How to Increase Your Bench Press and Build Muscle Mass Fast
Everyone knows to build muscle mass one of the best exercises for the upper body is the bench press. One of the first questions you are likely to be asked by another bodybuilder is ‘how much can you bench press?’. Whilst it may not be the best measure of overall strength it does have a certain macho feel to it and a big bench press is certainly very impressive. So lets cut to the chase and find out how to build muscle fast and get a bigger bench press:
Grow your triceps. As musch as two thirds of the entire muscle mass on your arms comes from the tricep muscle. It may well be that under-developed triceps are restricting your bench press progress. The best exercises to build muscle mass on your triceps are using barbells and dumbells: close grip bench-presses and skull crushers. Less effective are isolation type exercises such as tricep press downs. They should definitely help notch up your bench press.
Why not try training your triceps individually by themselves. Commonly, hitting the chest muscles is advised to be done in the same workout as tricep training. Try training them on their own for a change. Doing this allows you to attack them when they are fresh and really concentrate and focus on hammering them to stimulate growth. Do this for a number of weeks and see how much more poundage you can press.
Variety. have you been doing the same training session over and over again? time to switch things around a bit.

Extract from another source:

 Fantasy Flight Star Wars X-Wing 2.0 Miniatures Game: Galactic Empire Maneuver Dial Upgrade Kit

Your muscle won’. Keep changing things, they can be subtle changes like altering the grip width or reversing the order of your routine or they can be larger changes like doing super sets, compound sets and so on, these will give you a real pump by the way.
Make sure you are not doing too much! While with most things in life more is better, in muscle building this is not quite true. Overtraining your chest muscles means it takes longer for them to recover and develop. Do not focus on quantity rather go for intensity and quality instead. A short intense workout is much more effective than a long drawn out one.

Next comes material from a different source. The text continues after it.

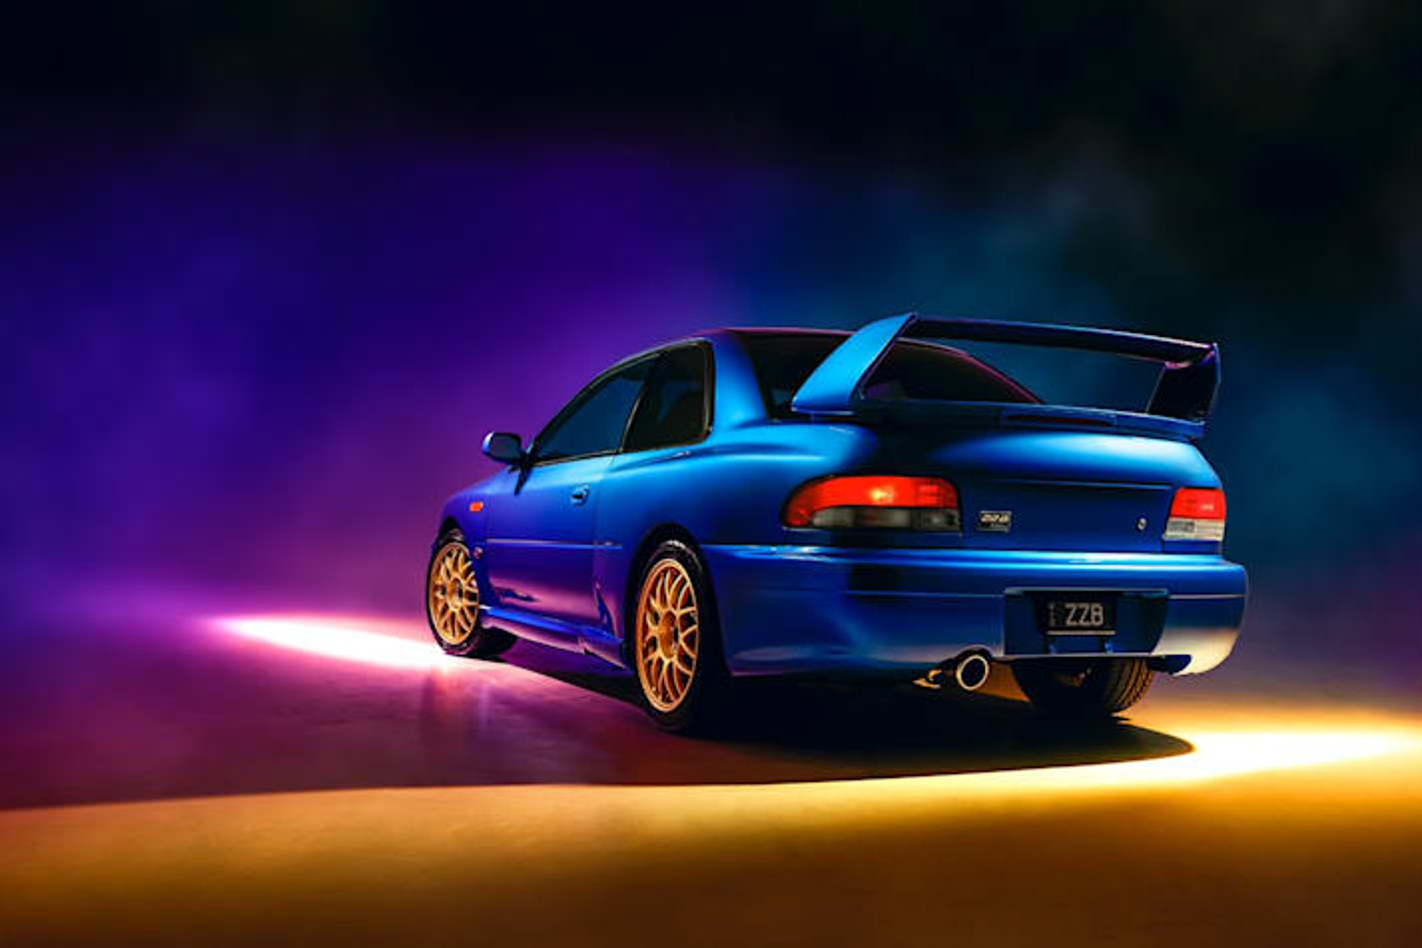 1998 Subaru Impreza WRX 22B-STi Version Modern Classic
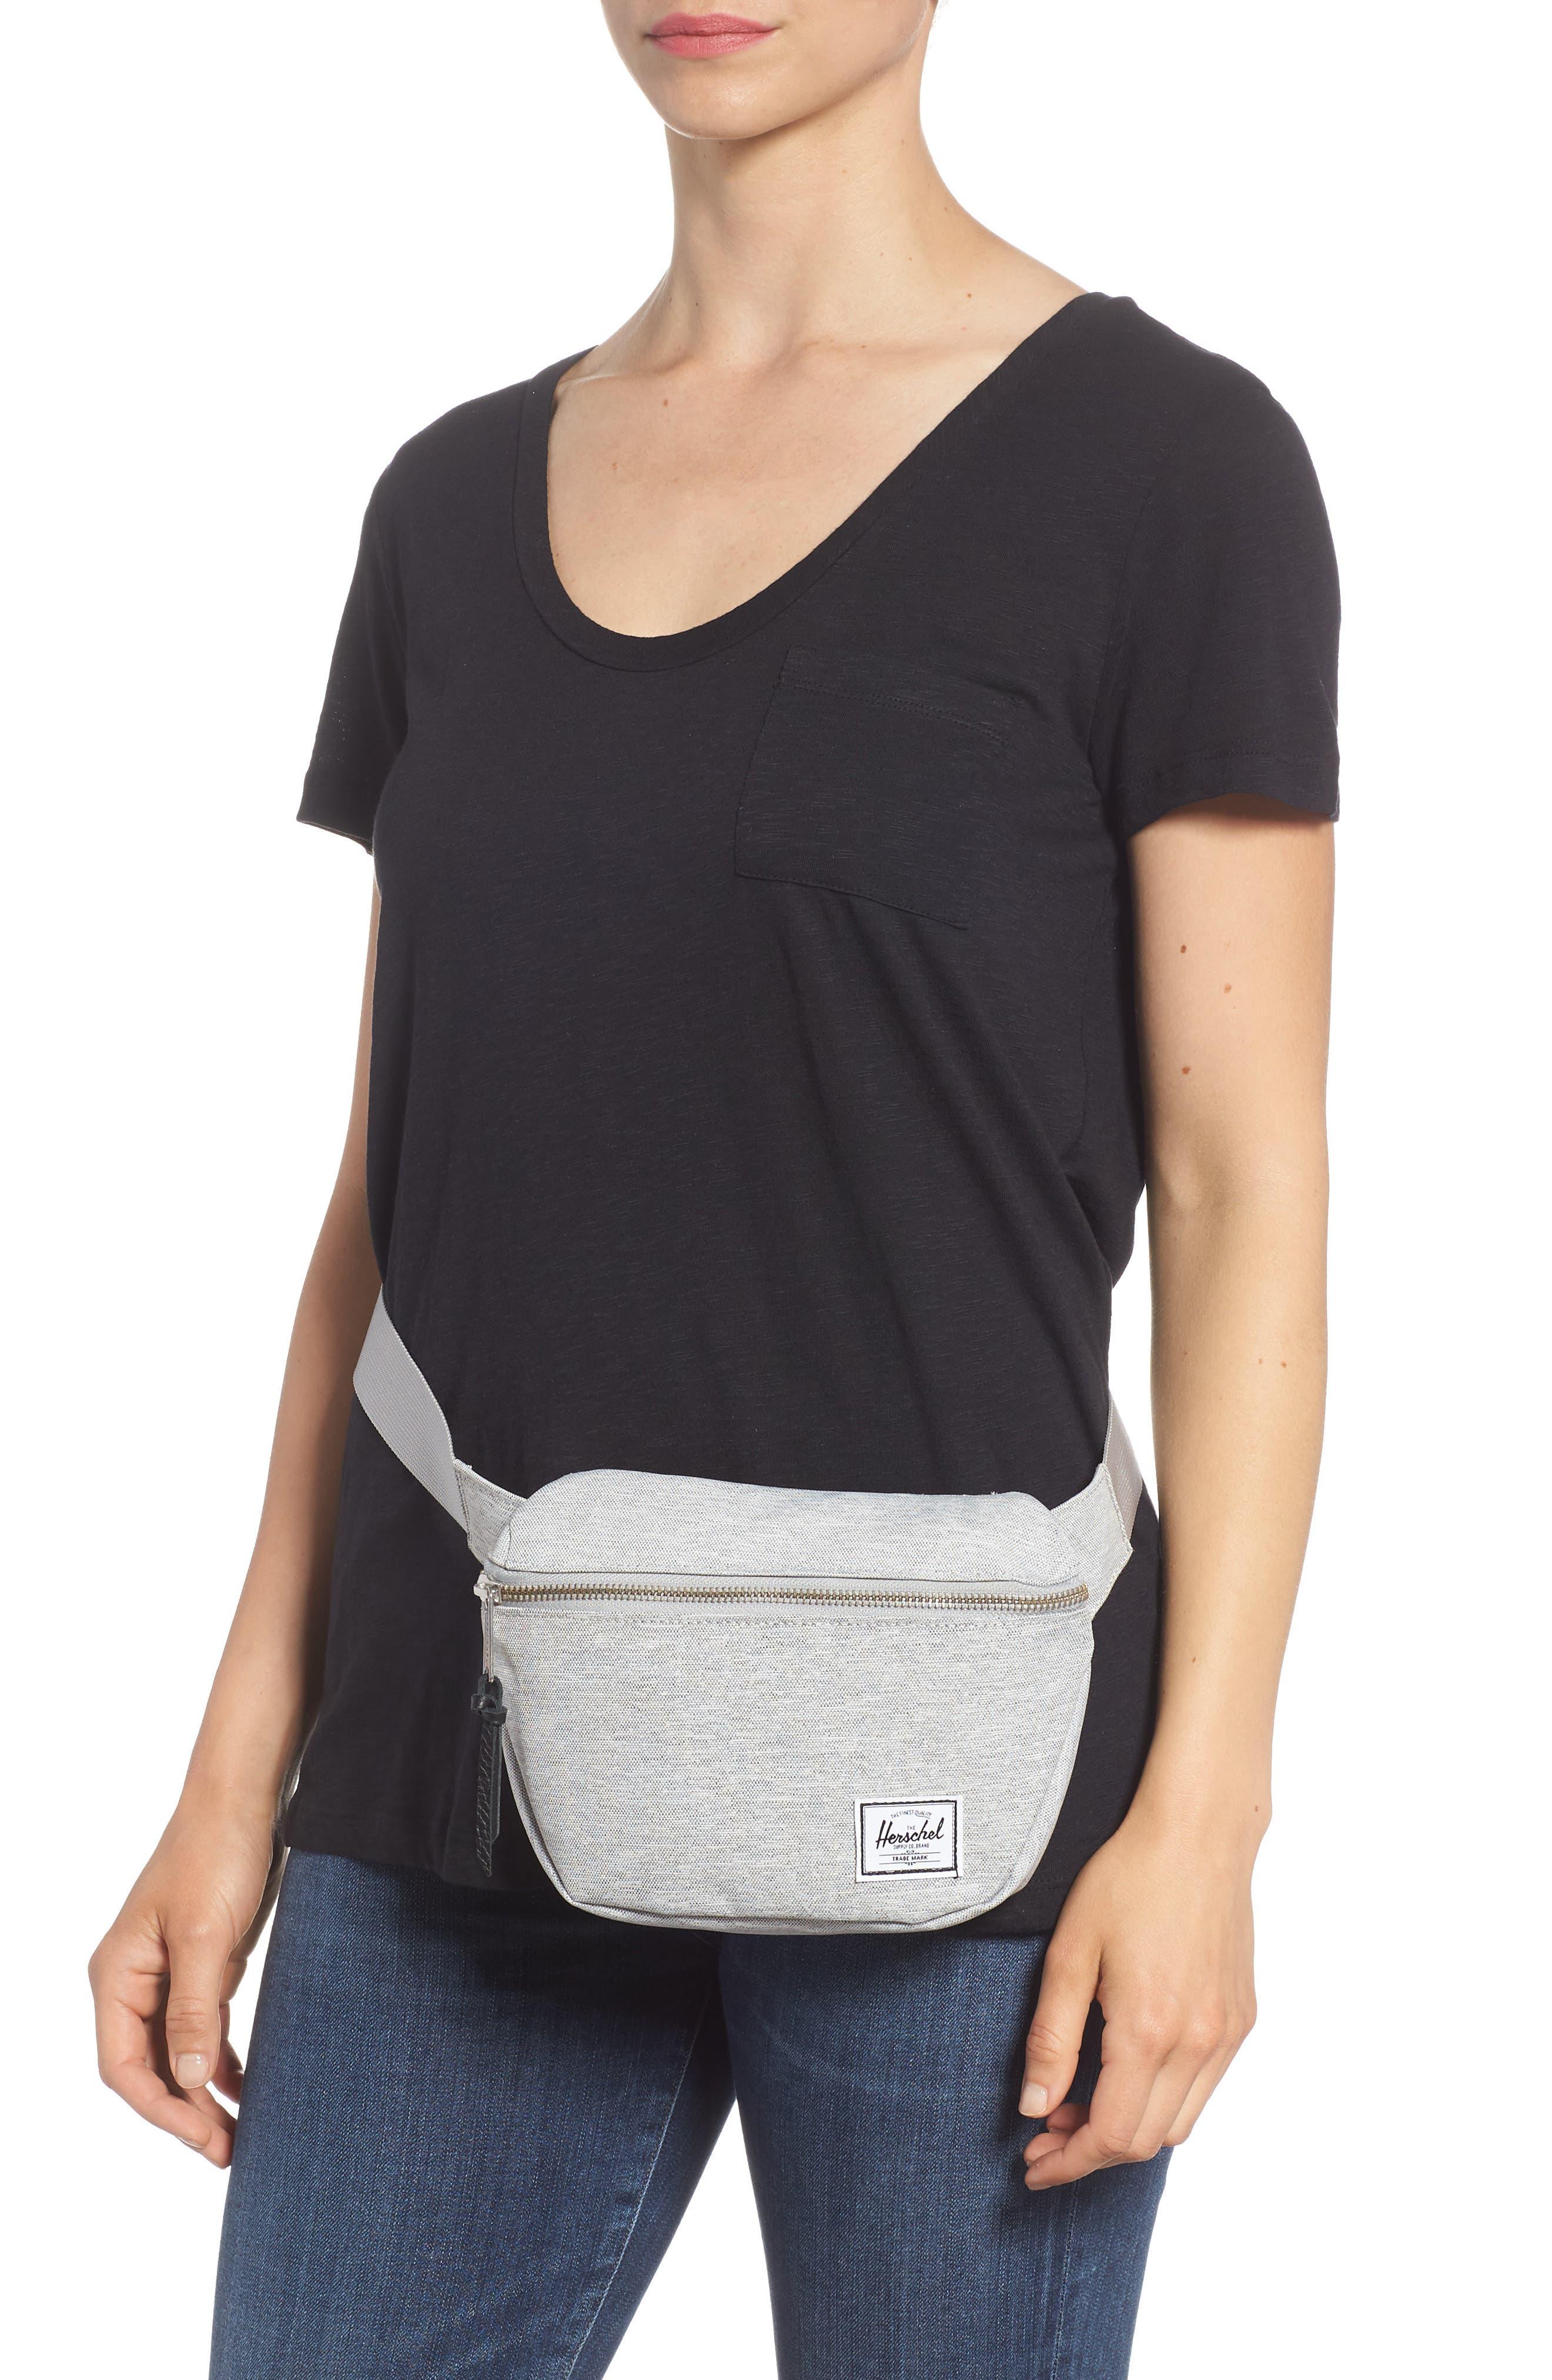 Fifteen Belt Bag,                             Alternate thumbnail 3, color,                             Light Grey

Quality rest. Your muscles do not grow on the weight bench! They grow when they are resting. If you don’t allow then enough time to recover they ain’t going to get bigger. Of course do not workout again when your muscles are still, a fair rule of thumb is to limit yourself to 6-9 sets each workout for each muscle group, any more and you may be at risk overtraining.
Take a rest from training. Why not take a break if you hit a training plateau. Allow your body to fully recuperate and eradicate all the strains and return a week or so later doubly motivated.
Give your chest a more intense workout by doing negatives. Negatives are when you find two spotters to intially aid you to press the weight but who then let you take the full weight and lower it by yourself under slow complete control. This is done because people are able to lower more than they can lift. Therefore if we can get the body lowering more weight it is probable that this will aid us for the effort phase also. The lowering/negative phase also stimulates more muscle growth than the effort phase.
Review your diet. Are you taking on board a minumum of 5 meals a day whilst consuming at least 1 gram of protein per each lb of bodymass? If you are not then it may well be the case that you are limiting your gains by not following a muscle building diet strictly enough. In each meal try to get them divided as follows: 50% carbohydrate, 30% protein and the remainder can be compiled of fats. Take supplements if you have the money to, things like: whey protein, essential fatty acids and multi-vitamins.
Ensure correct technique. Are you pressing correctly. Bad technique can move the focus away from the chest muscles and put you at a greater risk of getting injured. Ensure you are not moving your feet up off the floor and that your hands are not grasping the bar too closely together, these are two easy and often made errors.
By following the guidelines above you will be giving yourself the best chance to build muscle mass on your chest fast. Just do it!